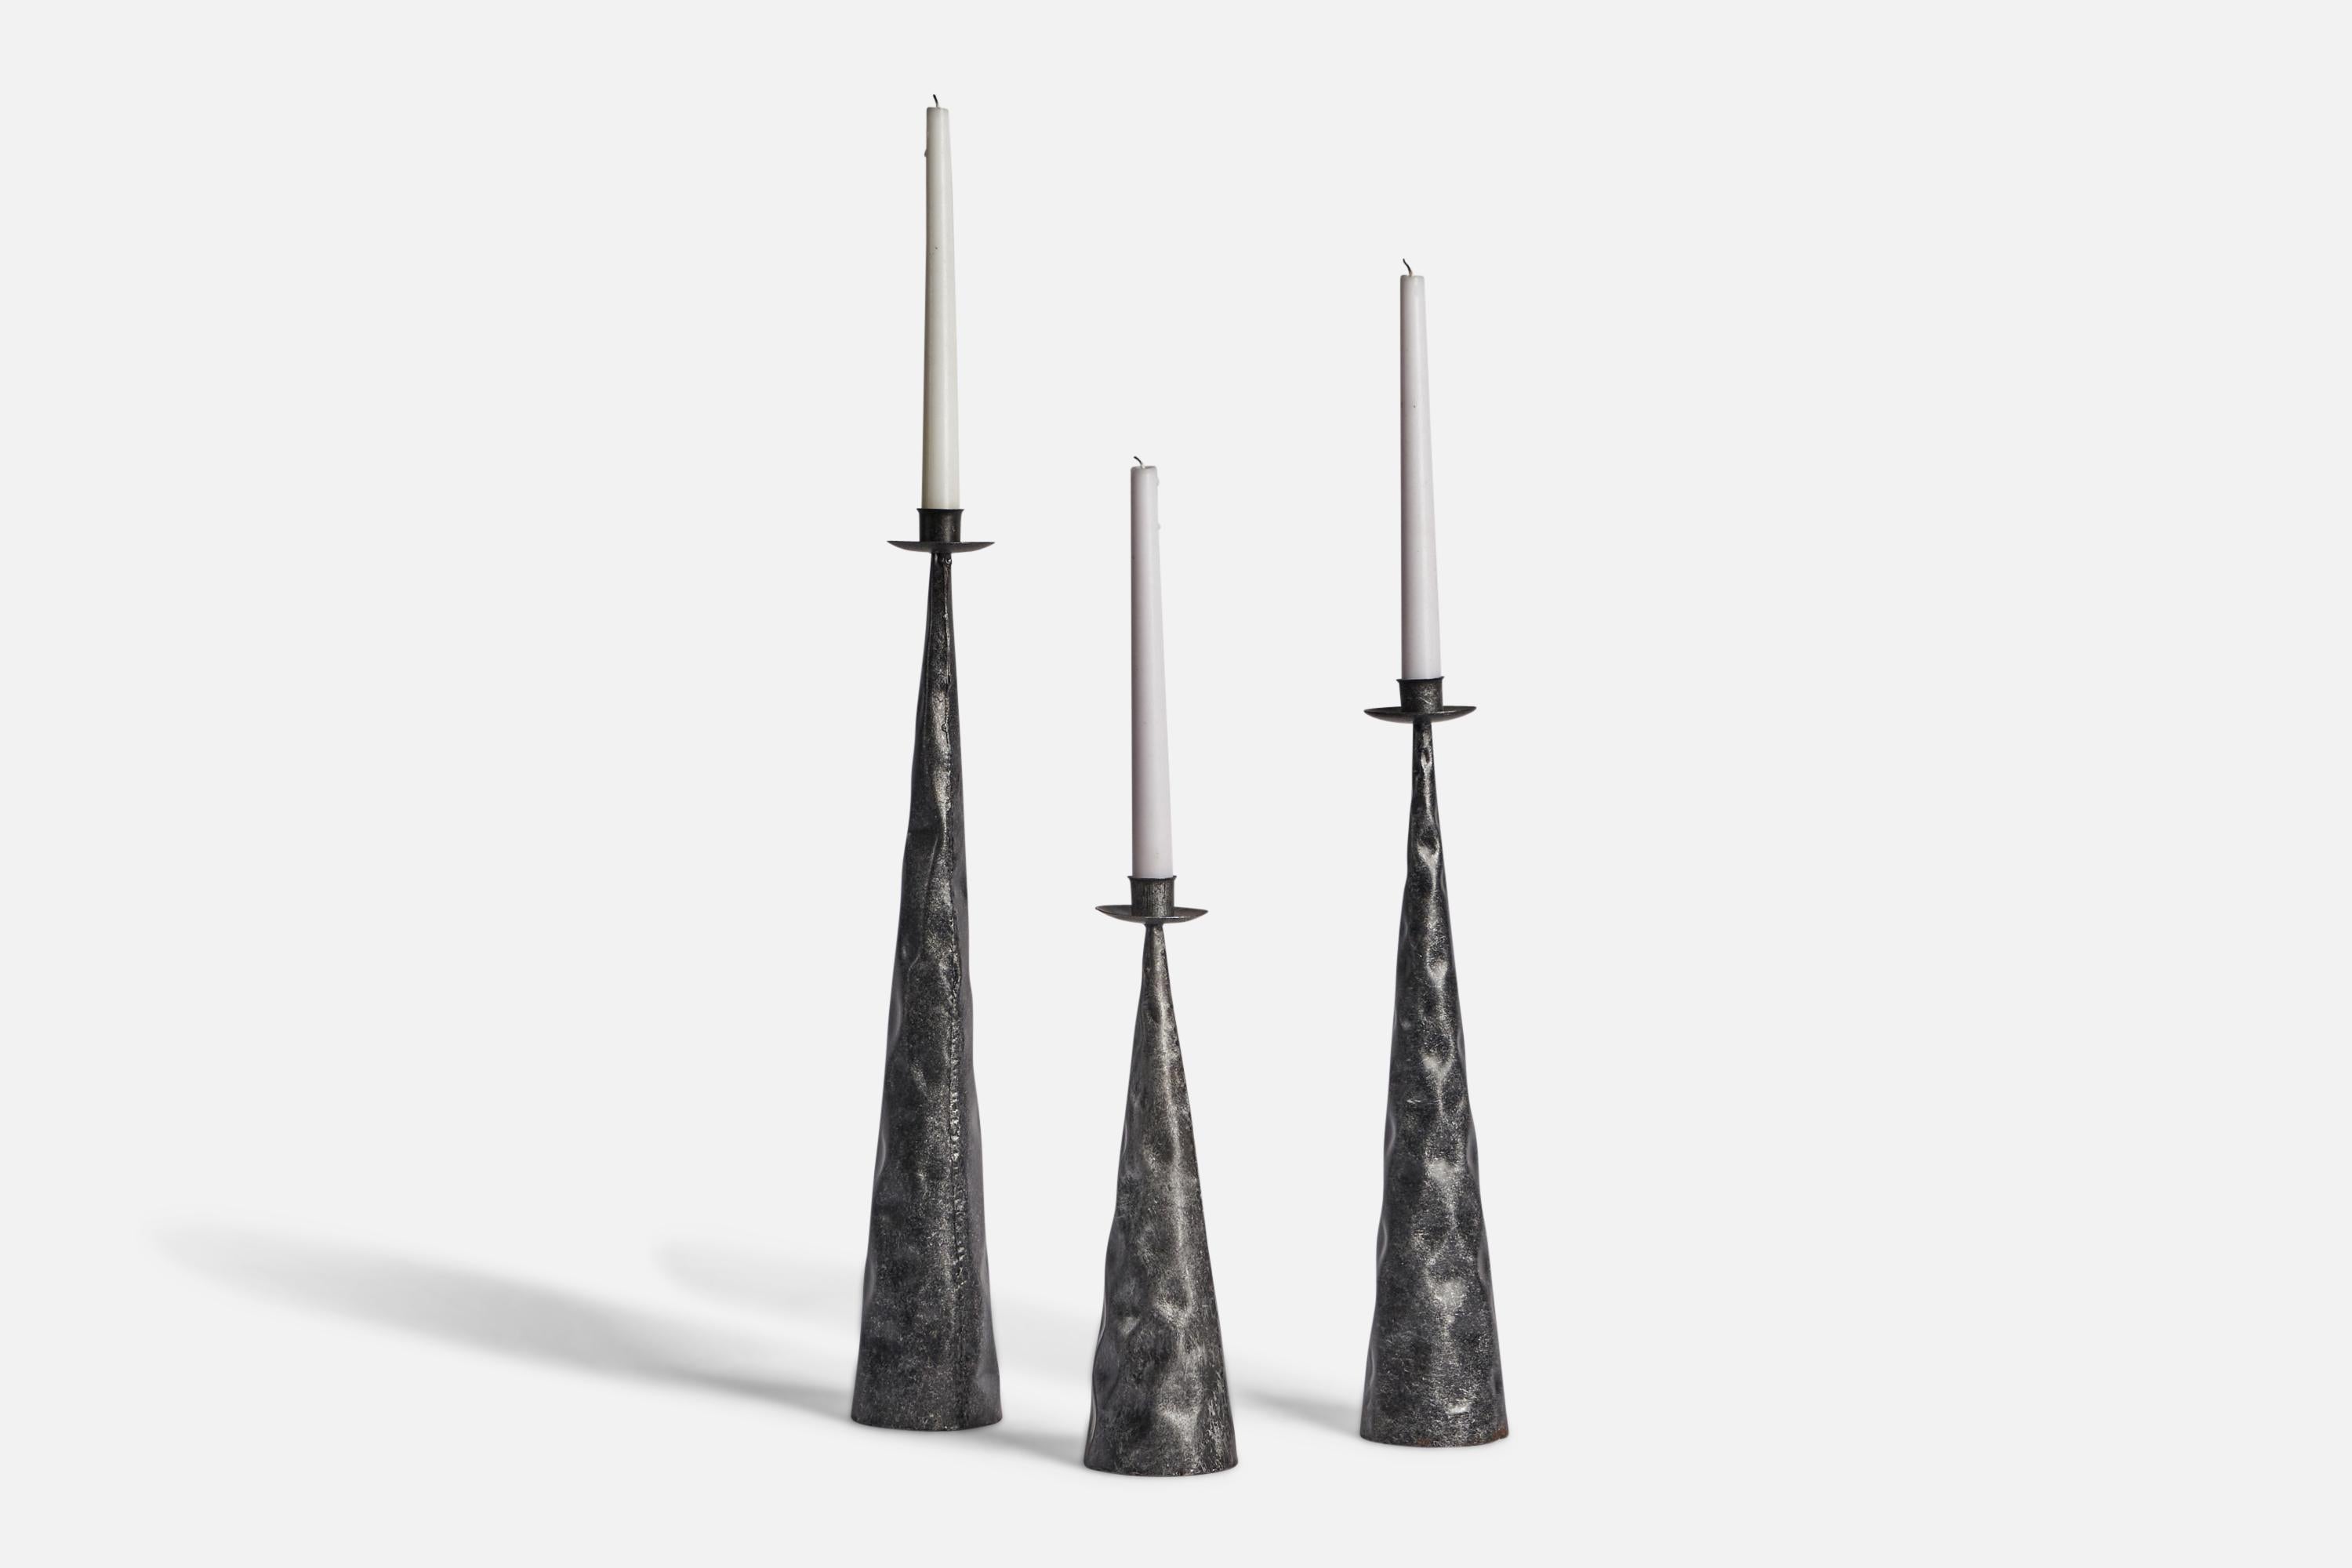 Ein Satz von drei Kerzenhaltern aus gehämmertem Eisen, entworfen und hergestellt in Schweden, ca. 1970er Jahre.

Hält Kerzen mit einem Durchmesser von 0,8
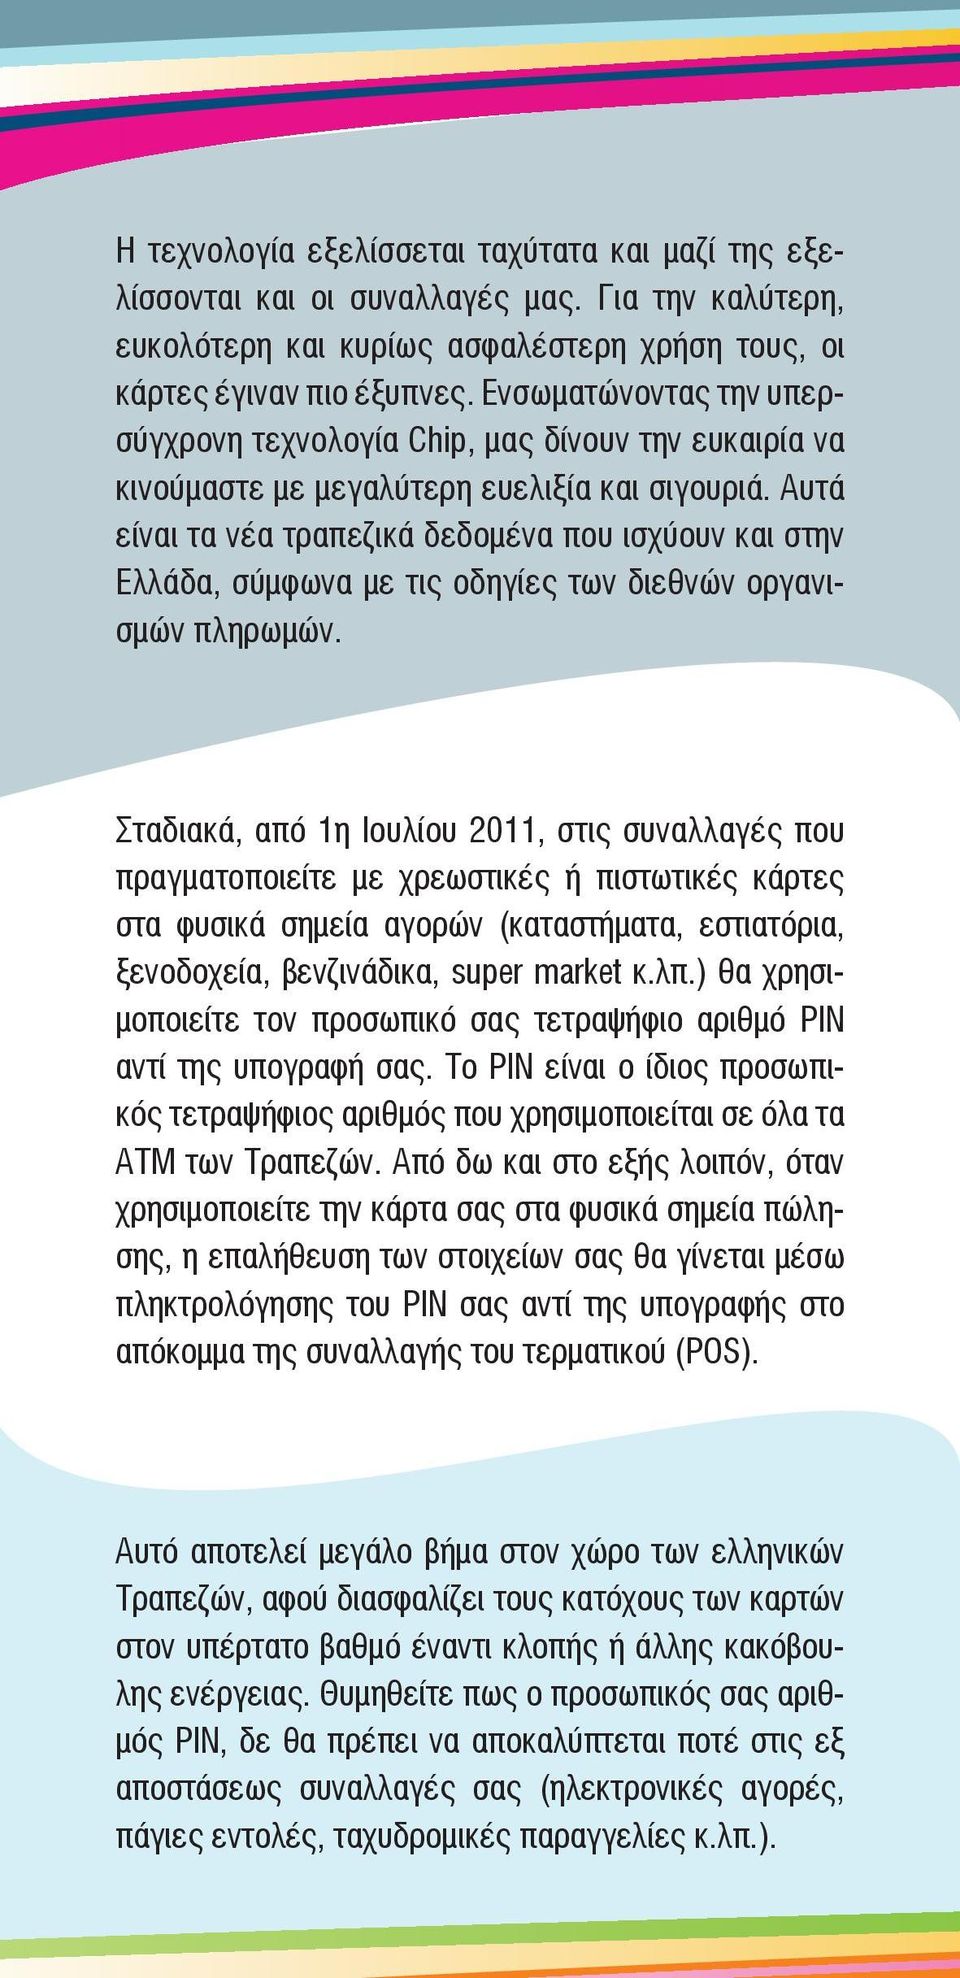 Αυτά είναι τα νέα τραπεζικά δεδομένα που ισχύουν και στην Ελλάδα, σύμφωνα με τις οδηγίες των διεθνών οργανισμών πληρωμών.
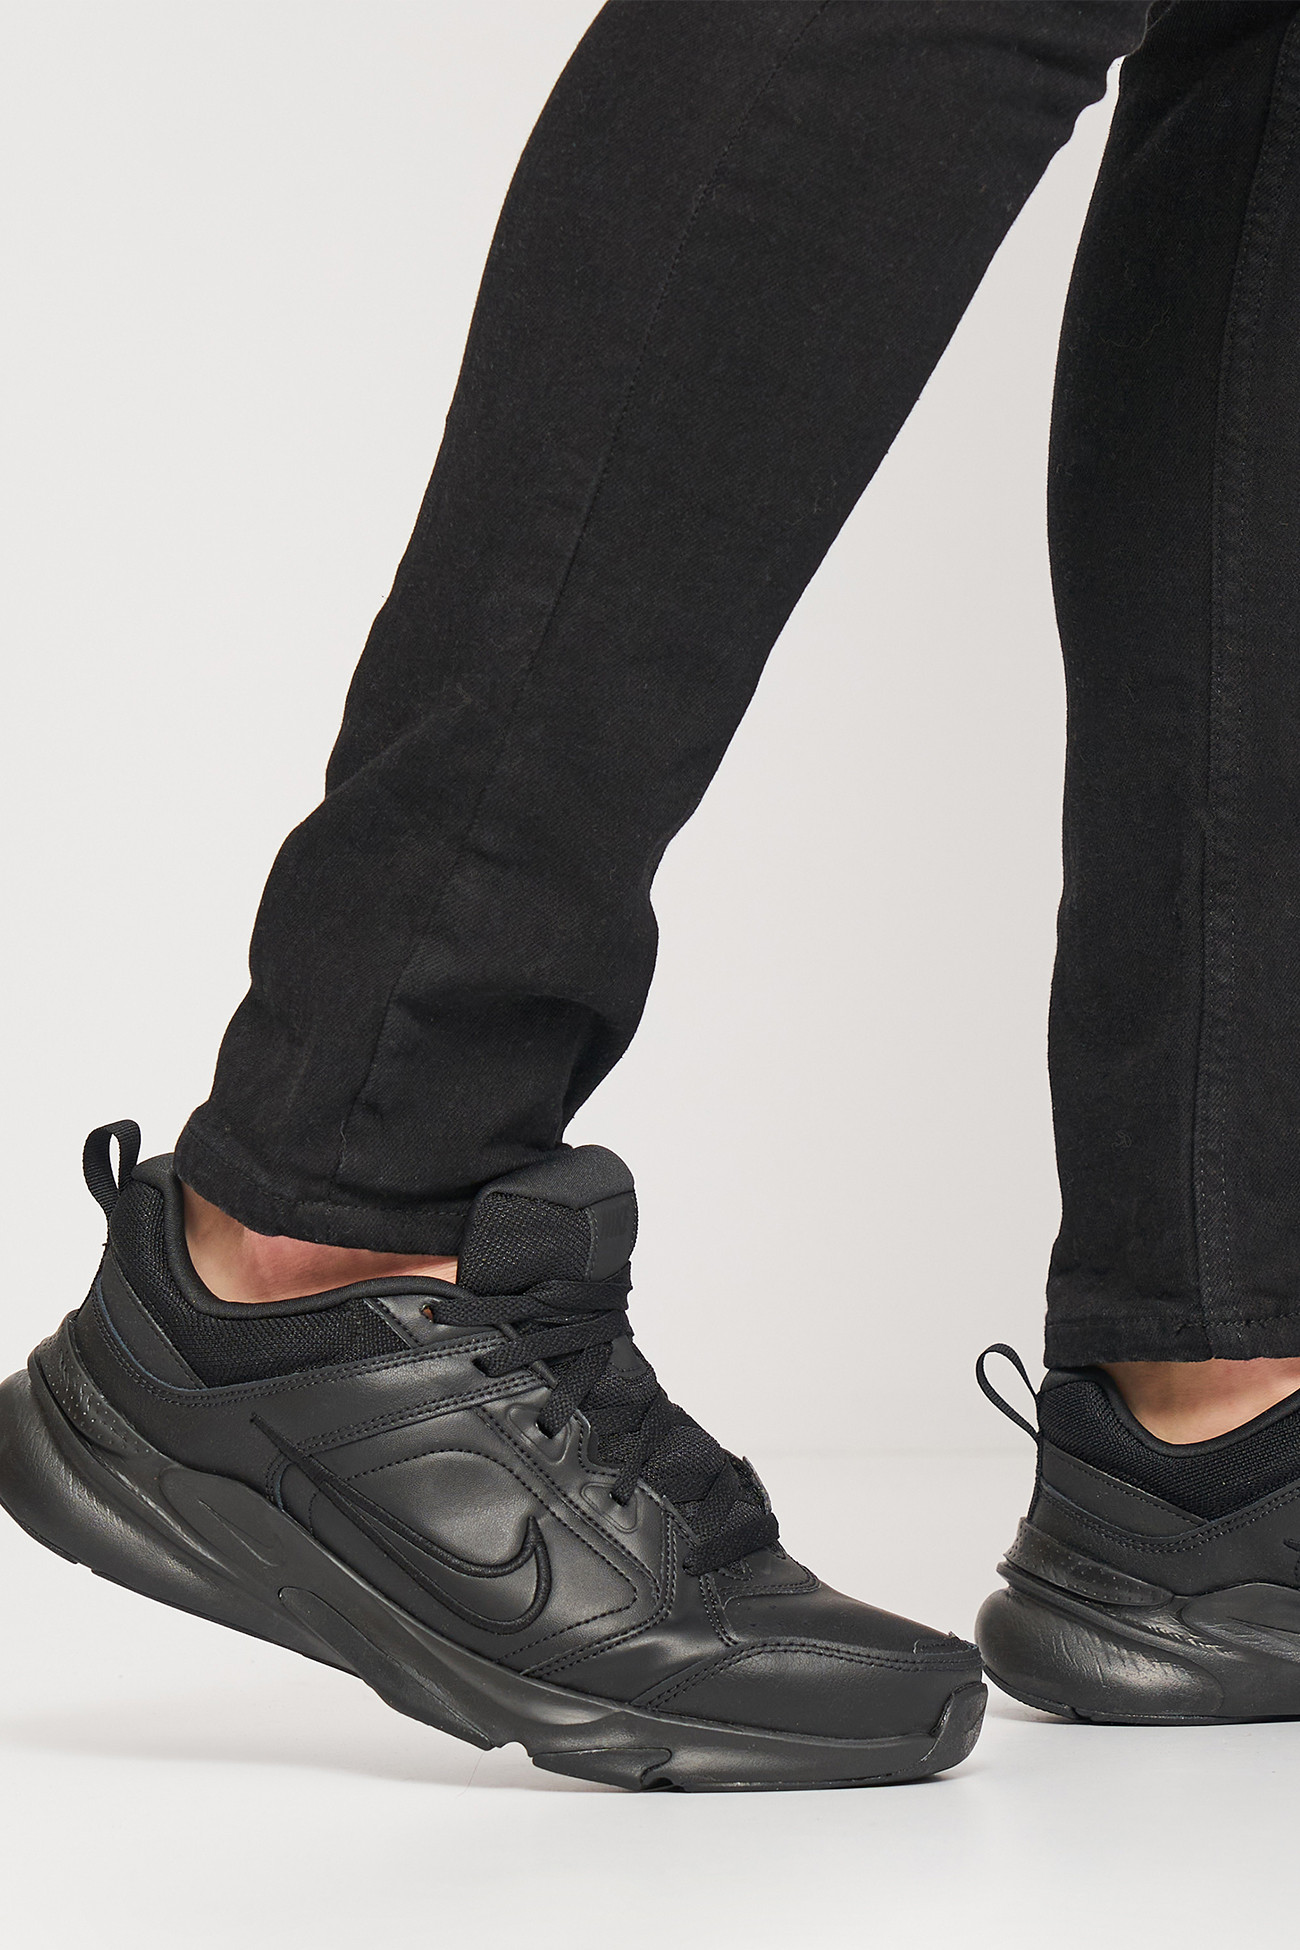 Кроссовки мужские Nike NIKE DEFYALLDAY черные DJ1196-001 изображение 7

Try it: The whole listing should be transcribed exactly, though its pictures must be left out.

Exercise answer:
 Ein Satz von drei Kerzenhaltern aus gehämmertem Eisen, entworfen und hergestellt in Schweden, ca. 1970er Jahre.

Hält Kerzen mit einem Durchmesser von 0,8
 Αυτά είναι τα νέα τραπεζικά δεδομένα που ισχύουν και στην Ελλάδα, σύμφωνα με τις οδηγίες των διεθνών οργανισμών πληρωμών.
 Кроссовки мужские Nike NIKE DEFYALLDAY черные DJ1196-001 изображение 7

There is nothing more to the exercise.